Transforms are operations that are applied to individual elements of the pipeline and provided as a function. There are quite a few transforms provided by the Apache Beam. Some predefined transforms are Map, FlatMap,  and Filter, but one can create custom transforms from the “PTransform” class.

I/O Transform

Apache Beam provides built-in support for various I/O formats like file formats, messaging systems, databases, and file systems. The supported file formats are text, Avro, Parquet, S3, and Google cloud storage. All read/write transforms are under the IO namespace.

It is possible to create a PCollection using “beam.Create()”, which lets you create various types, e.g., lists, sets, or dictionaries. The following example creates a list of integers and then writes them into a file.

ilines = (
  p1
  |beam.Create([1,2,3])
  |beam.io.WriteToText('outfile.txt')
)

Listing 2. Creating a PCollection using the beam.Create()
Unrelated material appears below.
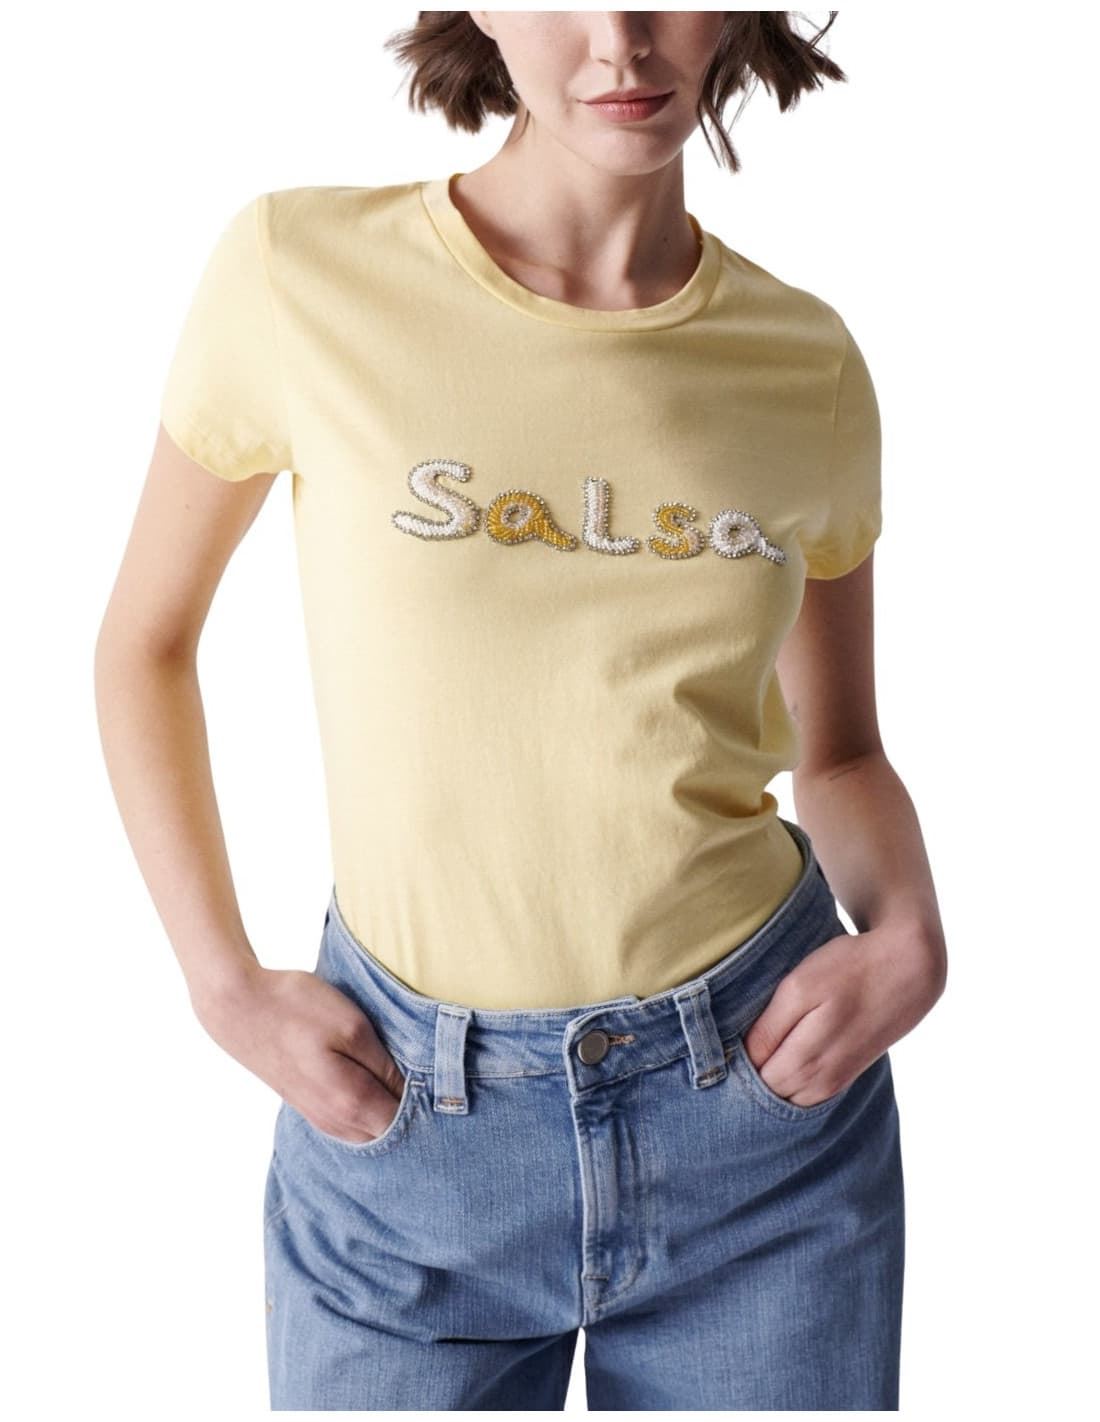 Camiseta SALSA 21002831 410 amarillo - Imagen 1

Finally, similar to a read transform, we have a corresponding write transform, which writes the output of the Apache Beam pipeline.

Filter Transform

This is self-explanatory: Given a condition, the transform filters out all elements that don't satisfy it. A Filter transform can also be used to filter based on inequality with a given value based on the comparison ordering of the element. Here is an excellent Google Colab showing different variations of the Filter transform. 

Map/FlatMap Transform

A Map transform converts a PCollection of N elements into another PCollection of N elements. A FlatMap can have zero or more outputs—it takes a PCollection of N elements and returns N collections of zero or more elements that are flattened into a final PCollection. 

For example, if we have a list of three elements, applying the same lambda operation using Map will produce a collection of three lists, while FlatMap will produce a collection of six individual elements, as follows:

beam.Create([1, 2, 3]) | beam.Map(lambda x: [x, 'macroMeta']) 

# Three lists output: [[1, 'macroMeta'], [2, 'macroMeta'], [3, 'macroMeta']]

beam.Create([1, 2, 3]) | beam.FlatMap(lambda x: [x, 'macroMeta']) 

#Six single elements output: [1, 'macroMeta', 2, 'macroMeta', 3, 'macroMeta']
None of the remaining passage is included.